:: REQUIREMENT ::
Would you transcribe the listing that follows word for word, skipping pictures?

:: RECORDED DATA ::
******
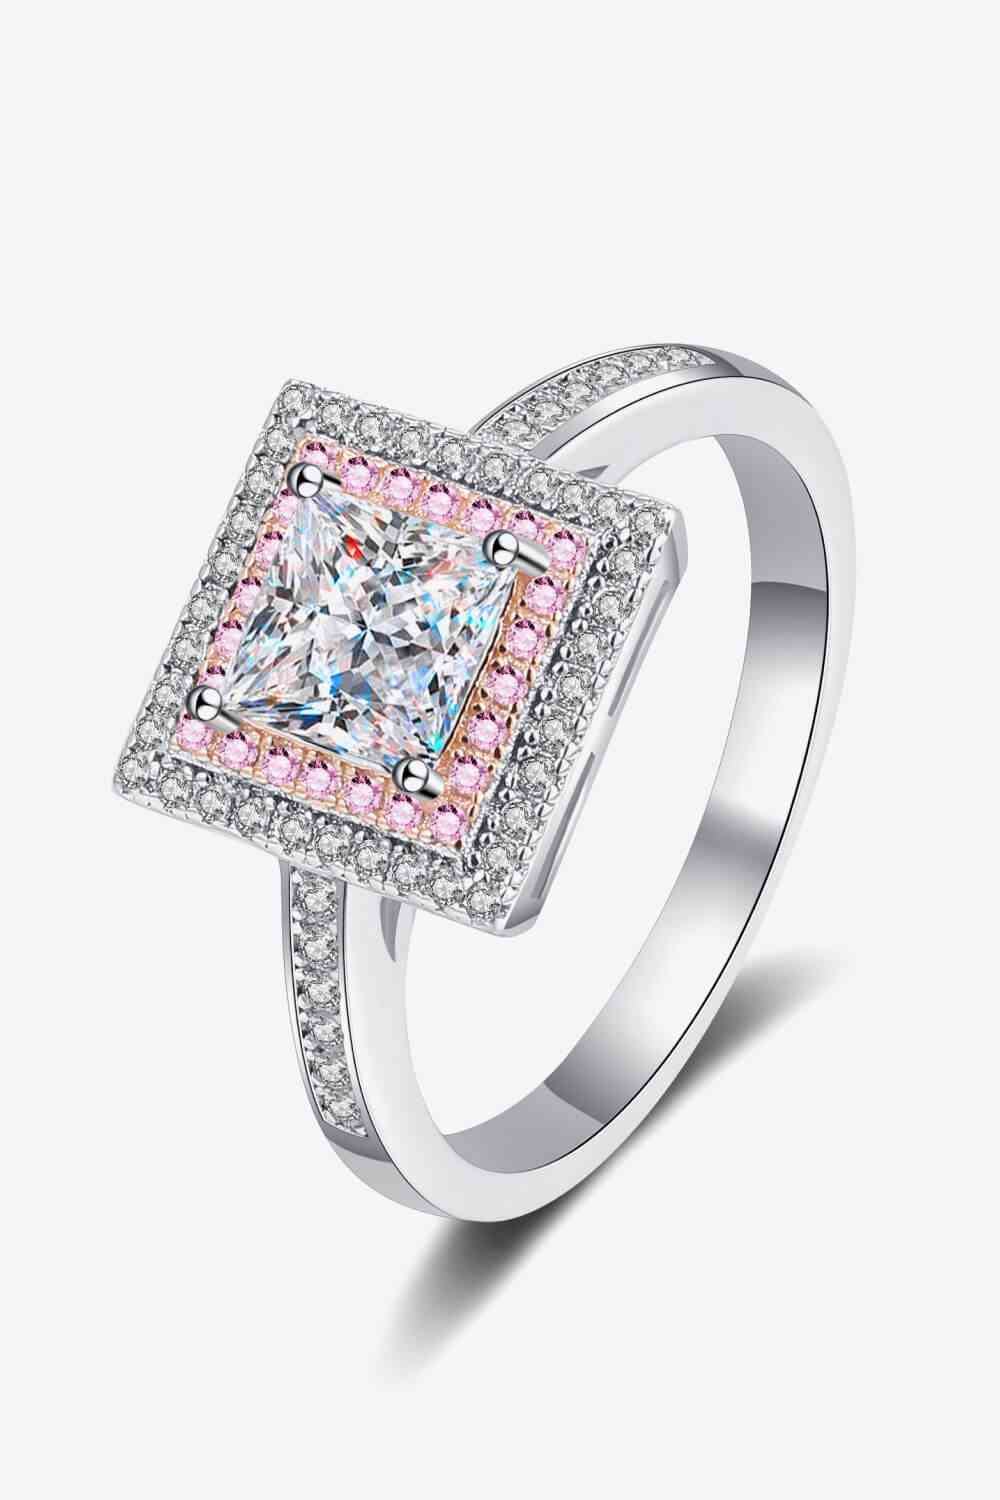 Stay Elegant 1 Carat Moissanite Ring - Stardust Diamonds
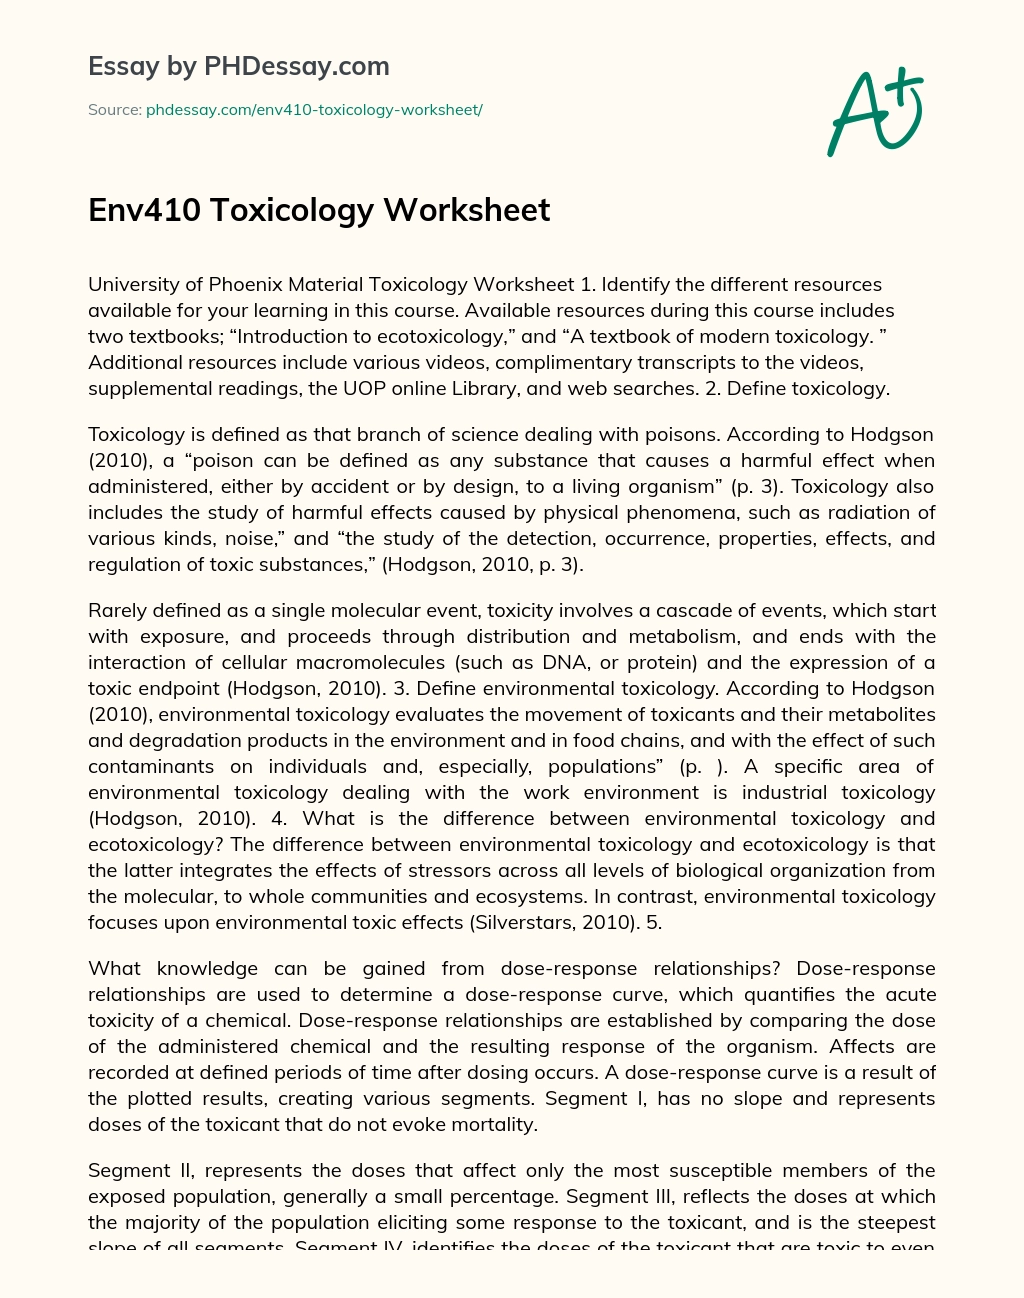 Env410 Toxicology Worksheet essay
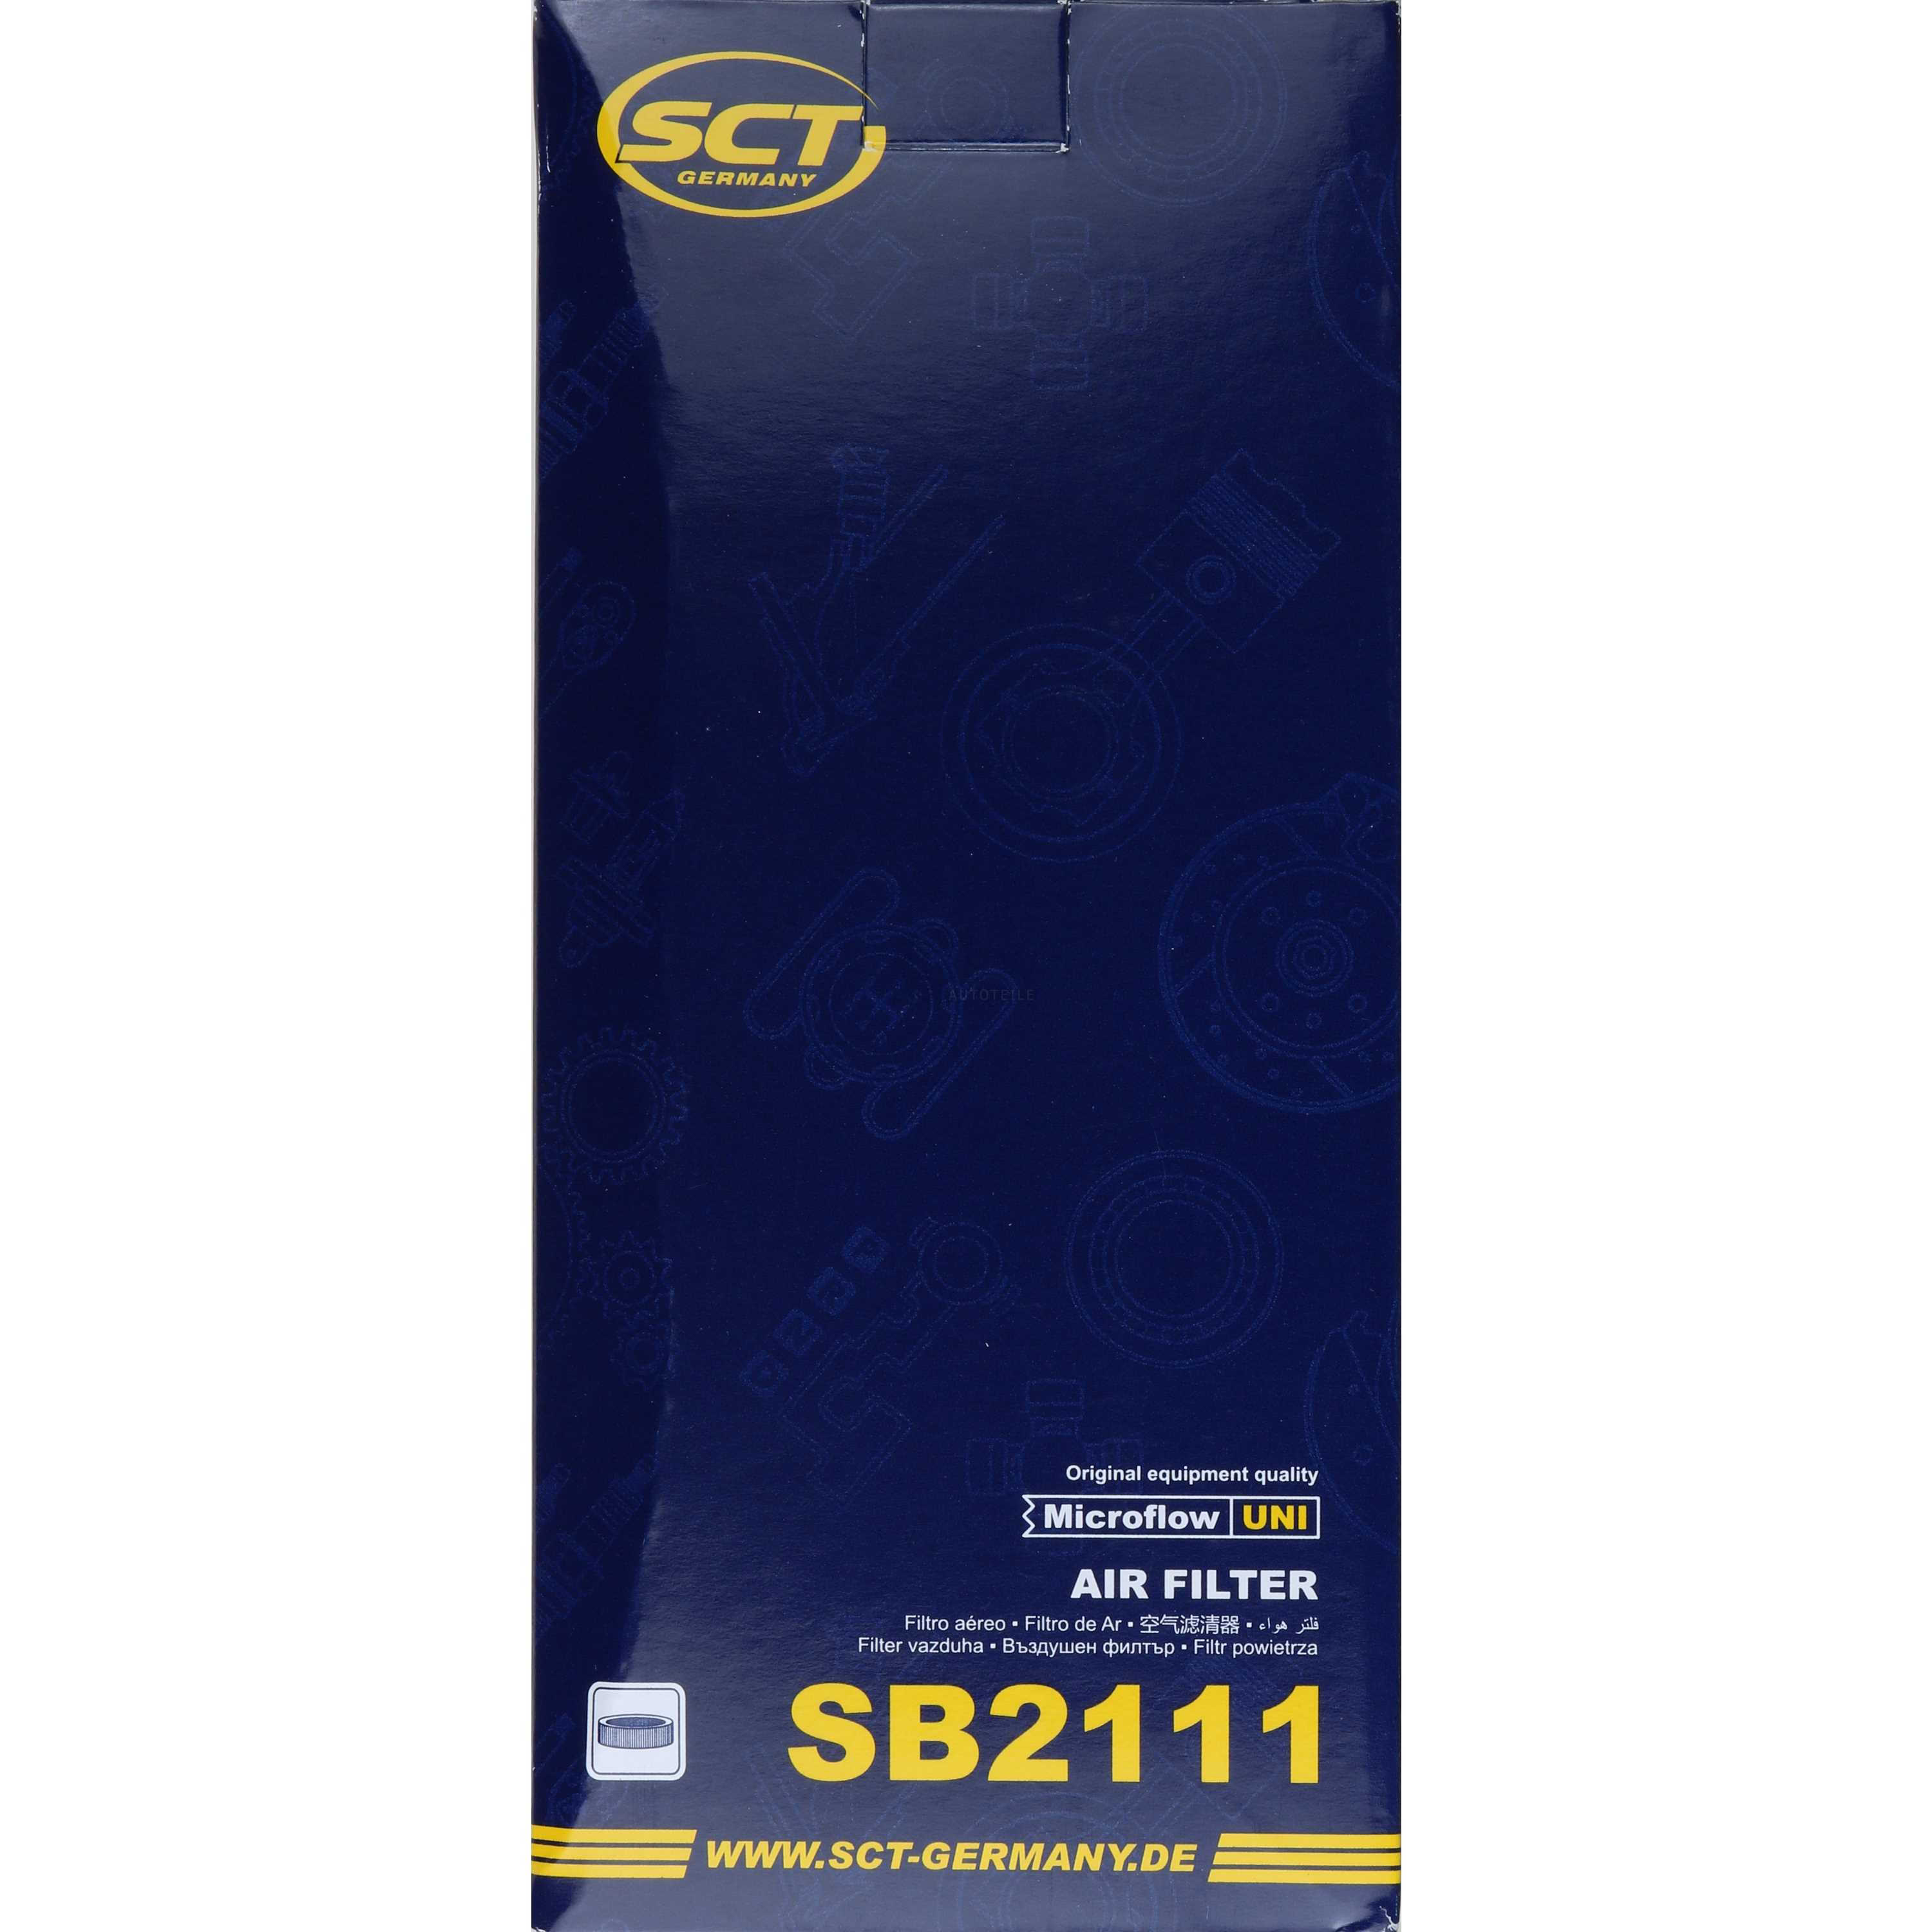 SCT Luftfilter Motorluftfilter SB 2111 Air Filter
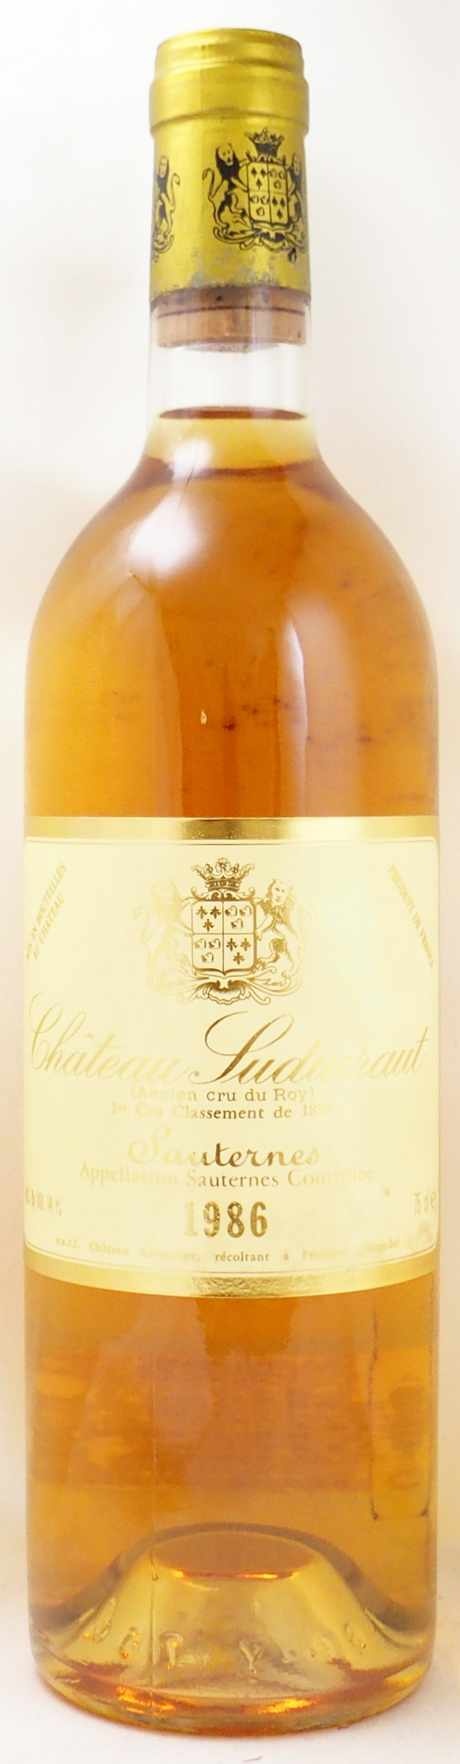 1986年 シャトー スデュイロー CHATEAU SUDUIRAUT の販売[ヴィンテージワイン専門店のNengou-wine.com]
******
:: ANSWER SECTION ::
 Stay Elegant 1 Carat Moissanite Ring - Stardust Diamonds
 Env410 Toxicology Worksheet essay
 SCT Luftfilter Motorluftfilter SB 2111 Air Filter
 1986年 シャトー スデュイロー CHATEAU SUDUIRAUT の販売[ヴィンテージワイン専門店のNengou-wine.com]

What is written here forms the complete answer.